A friend was excited upon purchasing a new toaster oven. A valuable item for my friend, my own toaster oven is assuming the definition of “clutter” for me. I had “loved, used and needed” it, but discovered it is complicated to clean. Now, it seems a waste of electricity and counter space for a slice of toast.
I am reminded that “love, use and need” are often in the process of acquiring or losing value. Interests evolve, I outgrow what I use now, my needs in the future could be different. It is true of clutter in my house. It is true of clutter in my relationships. It is true of the clutter I encounter in issues that are important to me, in what hurts, in what I can forgive, in what I fear. I realize there is clutter in all that I know. I trip on clutter in all I do not know.
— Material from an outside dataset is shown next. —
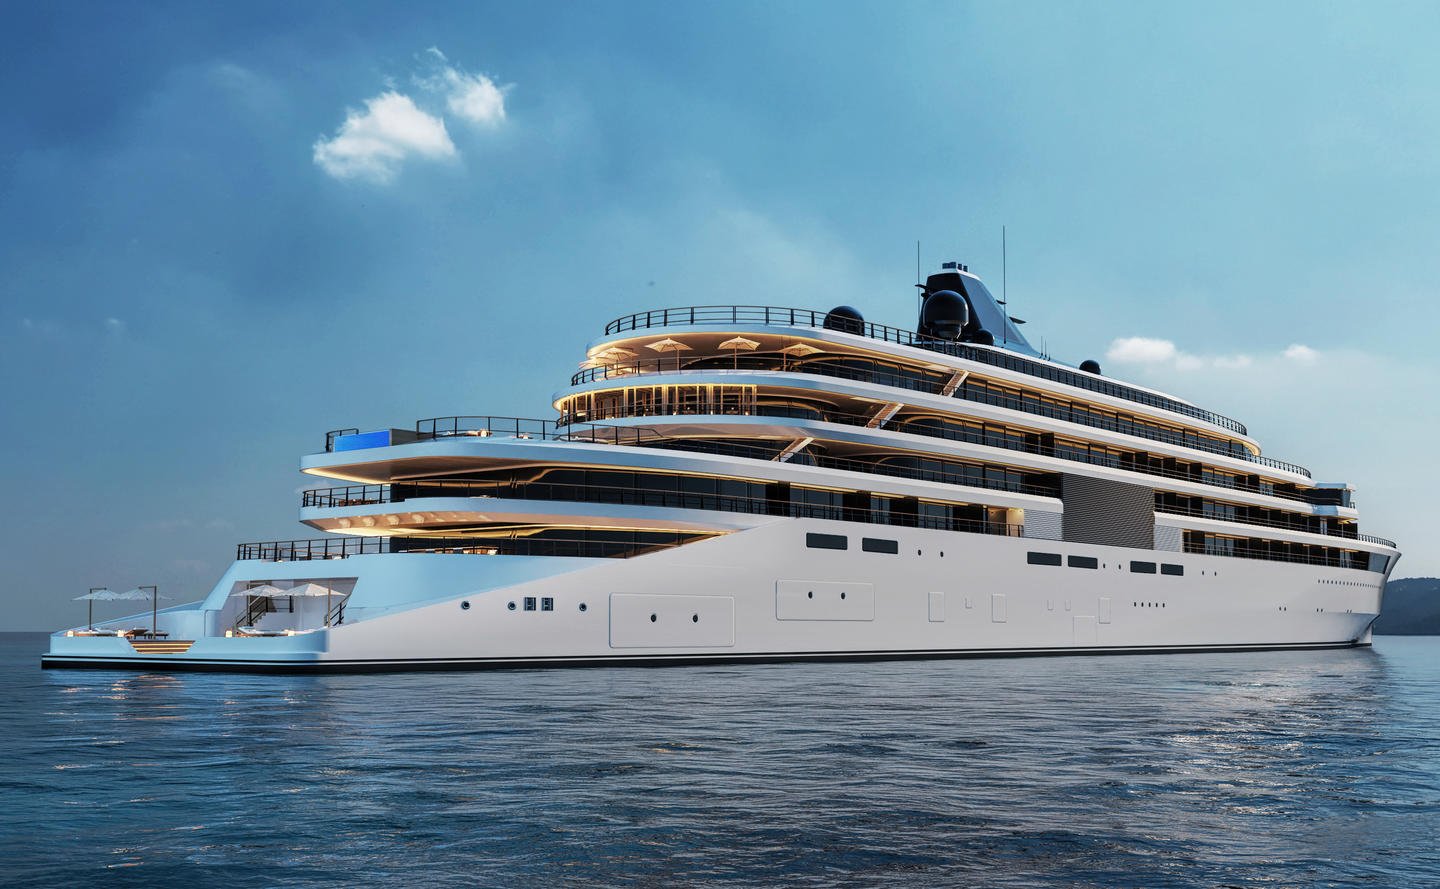 T. Mariotti and Neptune have signed a contract to launch ‘Project Sama’, the first vessel for the Aman Luxury Brand (Image at LateCruiseNews.com - January 2023)

I dismay in what I am unable to de-clutter. I dismay that new clutter comes into my life.
Flying, I have learned that my life will never completely de-clutter, because my life will never completely be perfect.
Flying is not a process of “getting it right” in figuring out what I “love, use and need”. Flying is a process of the continuous release that flows with my acceptance of change and willingness to risk my growth. Letting go of imperfections, forgives. Letting go of mistakes, understands. There will always be something to release.
With growth, there is a difference between yesterday and today in what I value. Flying, I find what I “love, use and need”, knowing I can release with love and kindness, when it is time to grow, time to change.
My imperfect growth, my imperfect change, is in every release of FLYING.